Welcome aboard Ferd ... and I as well as many others on this board would love to see pics of your work

Regards ... Doug


----------



## GG (Jan 1, 2009)

Hello Ferd, 

Nice to see another Canuk on this forum... We do have a lot to offer here. Welcome. 

My favorite topic is "Frost heave" .... 


The lads in the south think that I'm having issues with icing and frosting of my drinks. 

LOL


gg


----------



## Torby (Jan 2, 2008)

Pleased to meet you, Ferd!


Wow, you do *large *scale


----------



## GG (Jan 1, 2009)

Ferd, you scale BIG stuff. On 45mm or gauge 1 track? 

Would you happen to have a compartive photo of say a 1:29 or 1:32 beside your 7/8 big scale. I need a point of reference. 


Sorry, not too familiar with your end of modelling ! 


Opportunity to learn. 

thanks


gg


----------



## 78ths (Mar 22, 2009)

Hi GG


The only gauge one 1/32 or 1/24 items I have are a couple of figures, I can photograph them beside one of the 7/8ths figures and that will give  you a good idea of size. Most of the locomotives that get built in 7/8ths are small industrial critters for 45mm track they are either two foot gauge or 600mm gauge prototypes. On 32mm track 18" guage prototypes are modeled.  Once my DHR B unit is completed, I will focus on the SR&RL #23 and the NGG16 Garrat both of which are very large. The SR&RL#23 is battery RC the garrat will be live steam. The DHR engines I am building (different eras) will be - battery RC highly detailed, live steam and coal fired live steam. 


 
To more directly answer your question here is a link that has a great size chart :


http://gold.mylargescale.com/scottychaos/Large-scale-scales2.gif     


Will post the pic of the figures as soon as I can.
cheers Ferd


----------



## GG (Jan 1, 2009)

yes I have that chart and thanks for the perspective. 

So my read would be that 7/8 is "physically" smaller on a 45 mm model track yes? 

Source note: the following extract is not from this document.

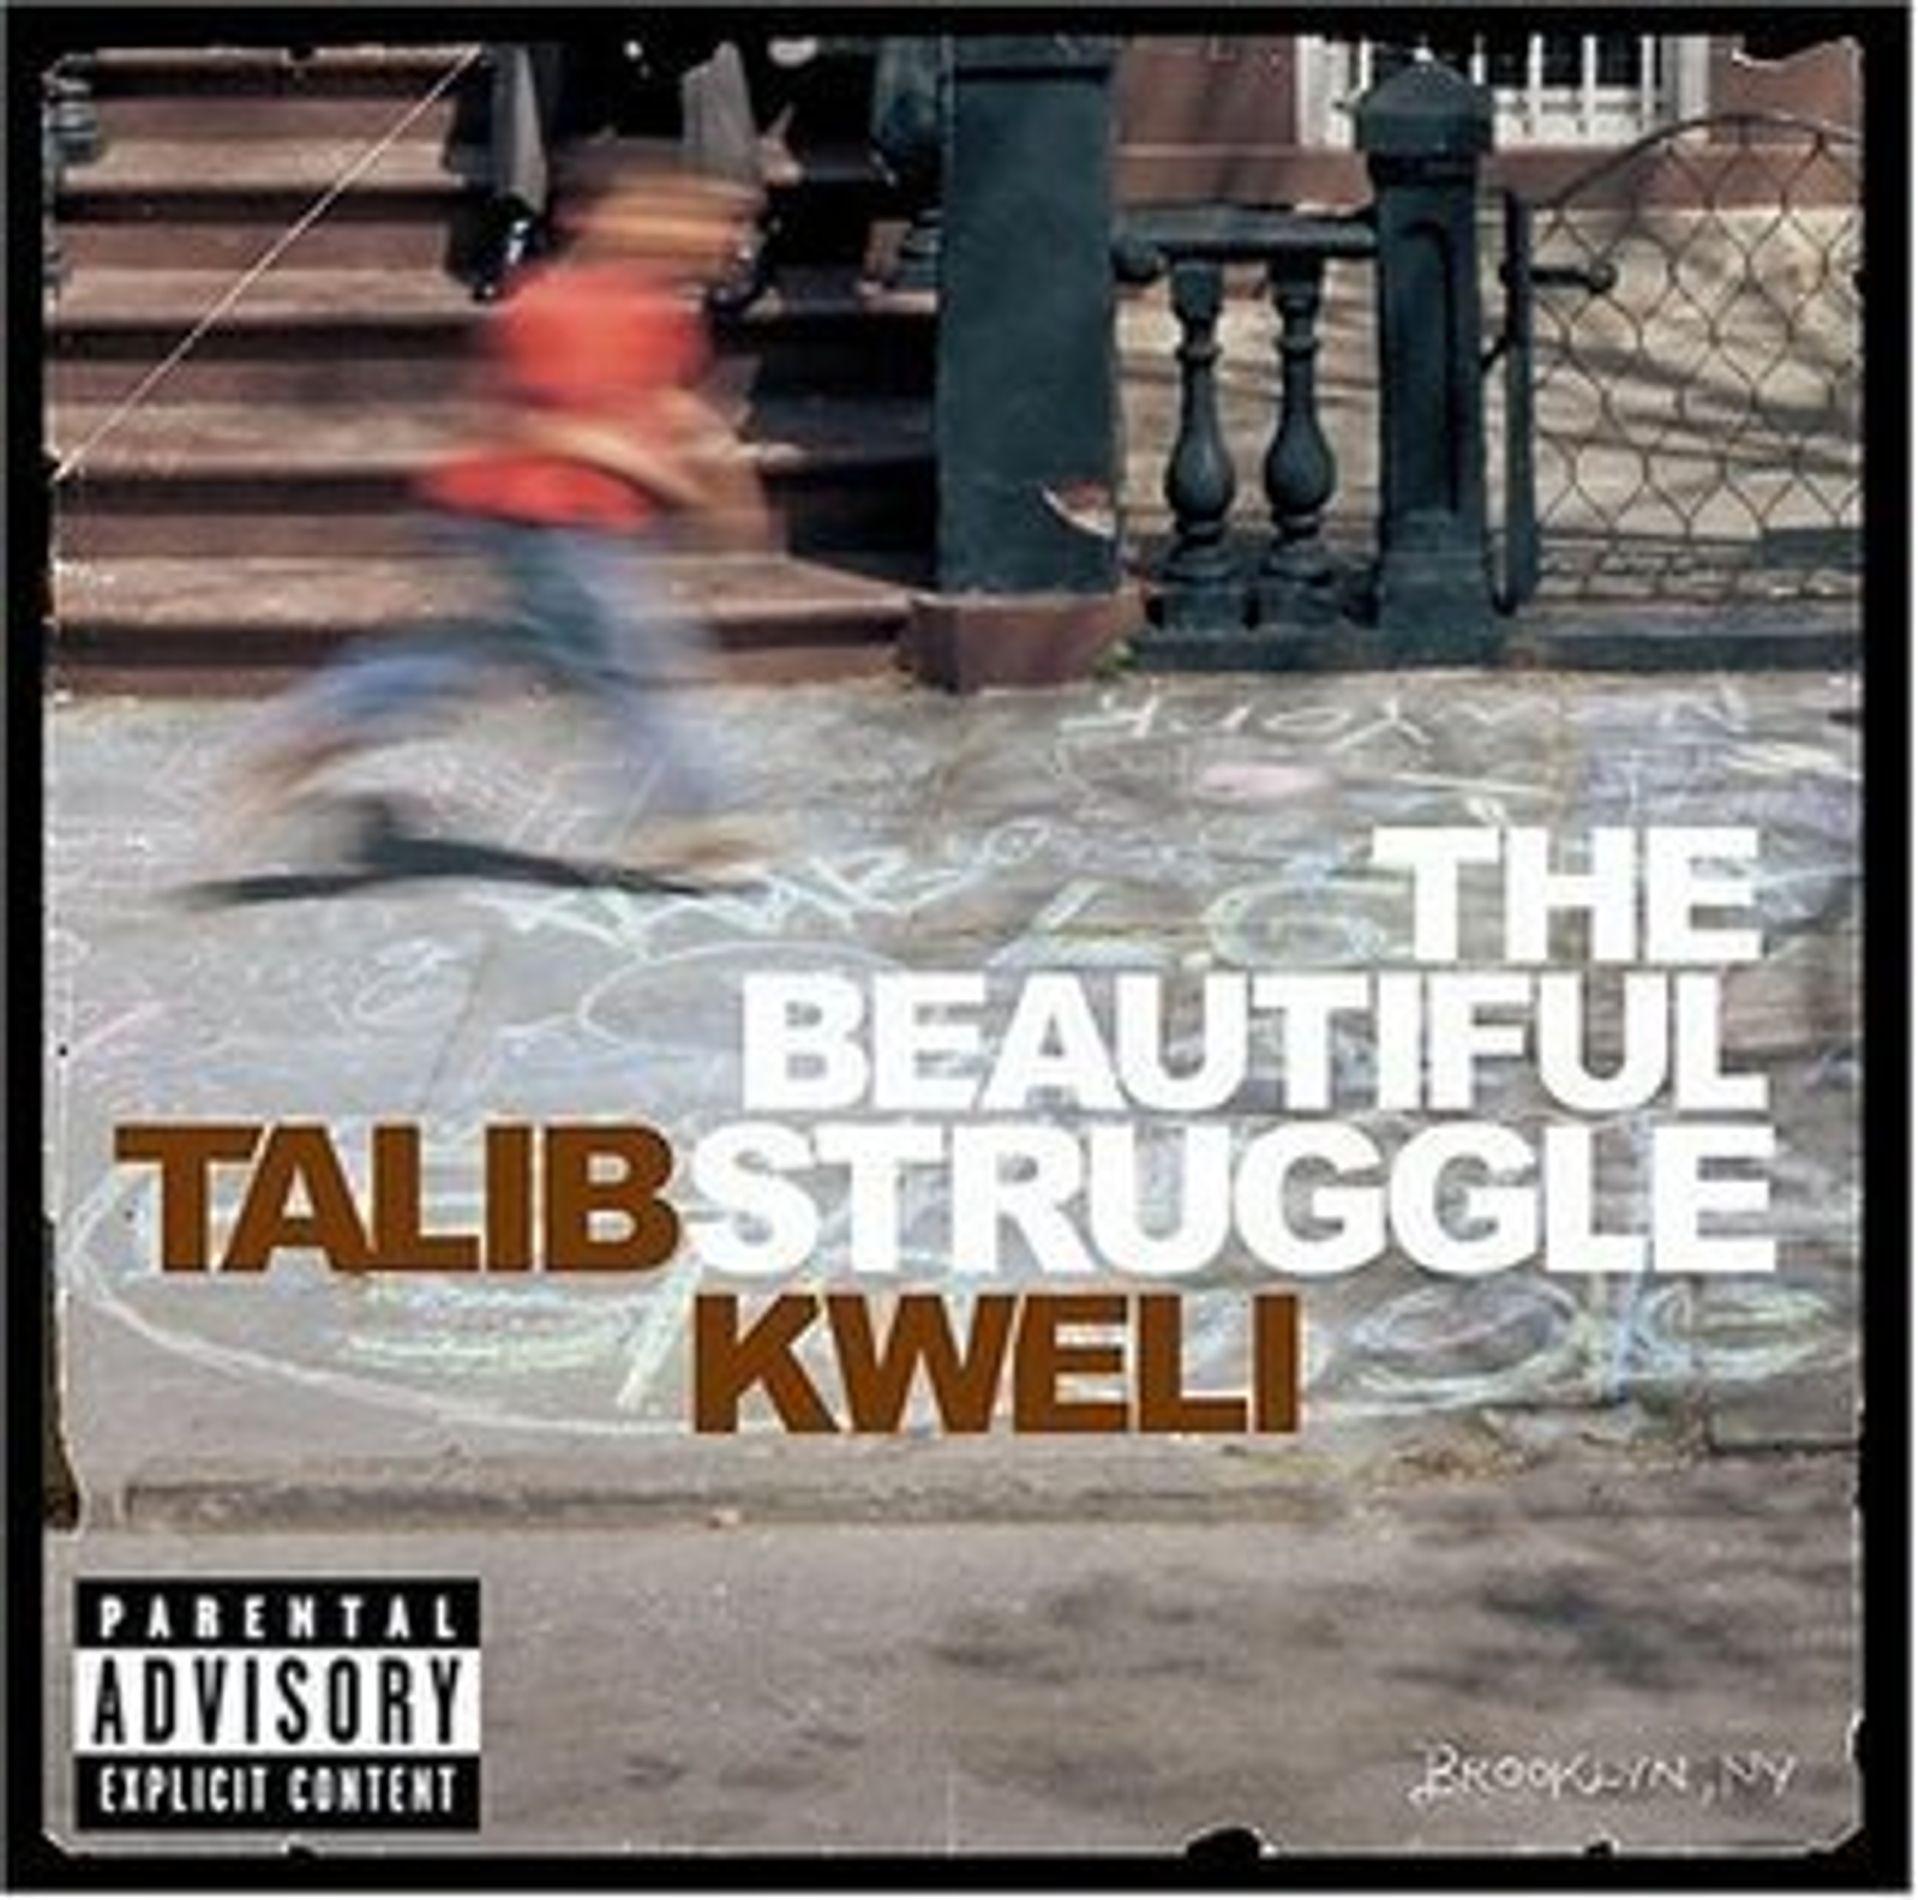 Album Title: The Beautiful Struggle by: Talib Kweli
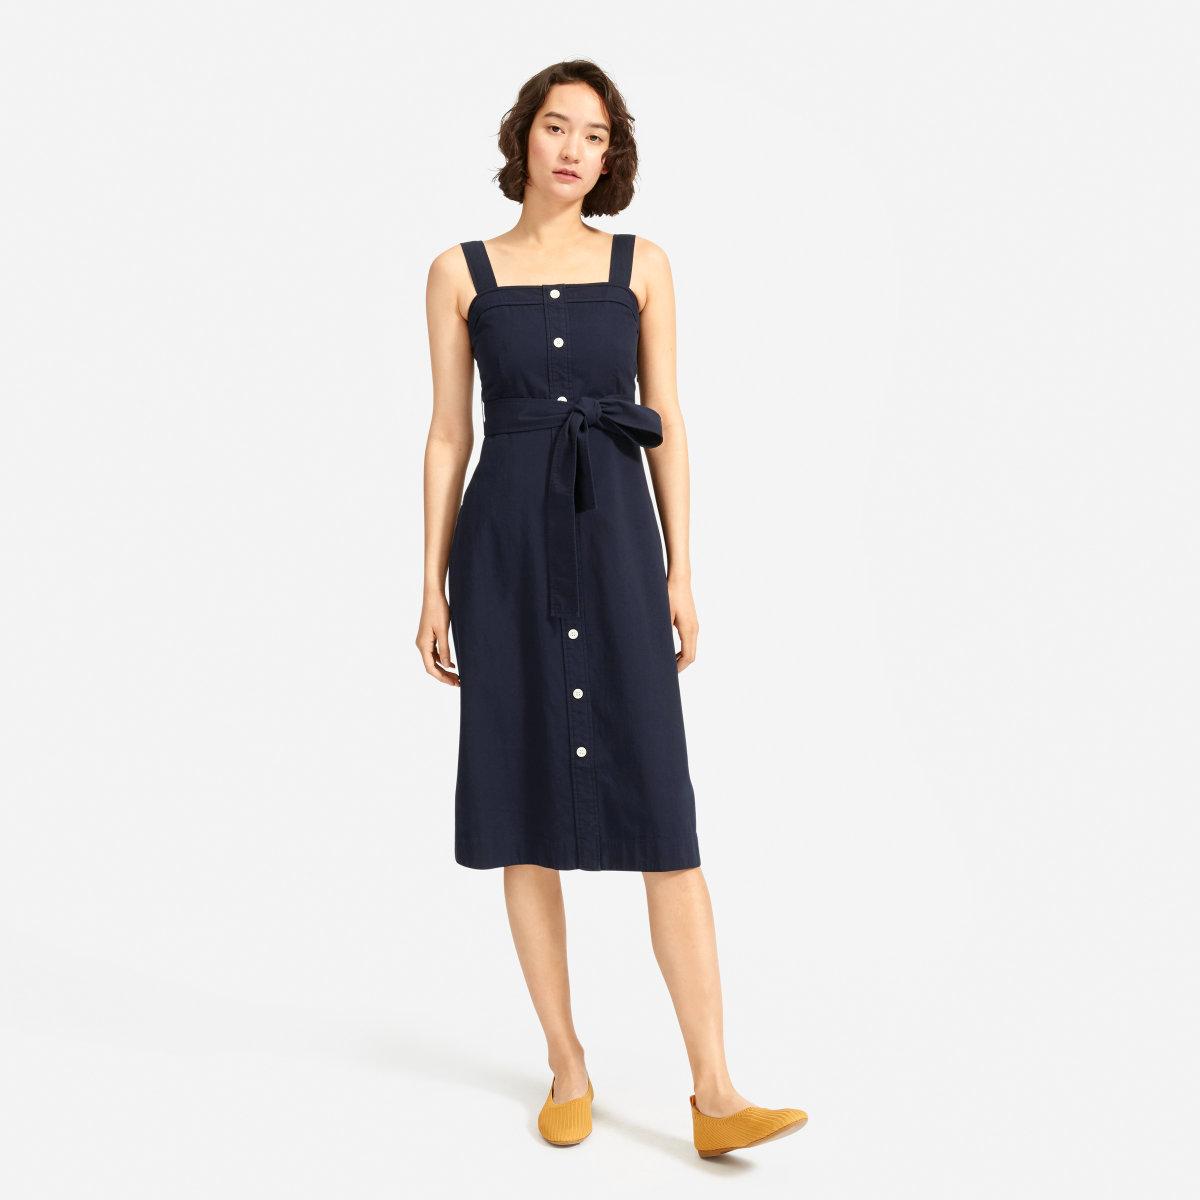 406b759e70 Women's Cotton Weave Picnic Dress | Everlane

I, like others are easily confused. Look forward to further input. 


Regards, 

gg


----------



## 78ths (Mar 22, 2009)

Hi gg


In real life the engines are physically smaller yet  on G scale track the engines are considerably larger. The shay conversion for example would not fit through any G scale bridge or tunnel. The weight of the engine also de-gauged Pete's hand laid track in one of the tight corners (2.5" radius).  What tends to happen is that most of the engines built in 7/8ths are based on existing 16mm or  1/24 scale chassis. This can and does work however you end up building the smallest of the real life engines that ran. ie. Hunslet quarry engines etc...  these were incredibly small engines in real life. Even the maine Forneys barely have room on the cab floor for two people, it is so tight the engineer spends a lot of time hanging out the window just to stay cool. This same tiny engine built in 7/8ths scale measures close to ten inches high and almost 30 inches long. The engines also tend to weigh a lot more as every detail is considerably larger. This may help you picture it better, a 1/32 scale engine built in 7/8ths scale would run on 4.75" gauge track and would easily pull 10 -15 adults depending on the size of the original.   


This may help here is a photo of maine rolling stock (2 foot gauge) built in 7/8ths scale to run on G gauge  track.  The large boxcar is also built in 7/8ths scale and is a model of a mainline boxcar - hope this helps


cheers Ferd


----------



## GG (Jan 1, 2009)

WOW.... 

I am currently 45MM and 1:32

I have a place in north Quebec ( south of Mont Tremblant) that needs this bigger stuff... 


More please and I need to educate myself. 

Thanks for the photo. Worth a million words. 


gg


----------



## John J (Dec 29, 2007)

WELCOM TO MLS from THE NEW RIVER & WESTERN RAIL ROAD NEW RIVER AZ.

Thanks for posting the pictures. That is very interesting concept


----------



## Engineercub (Oct 18, 2008)

Welcome to MLS Ferd ^^ Nice to meet ya! 

-Will


----------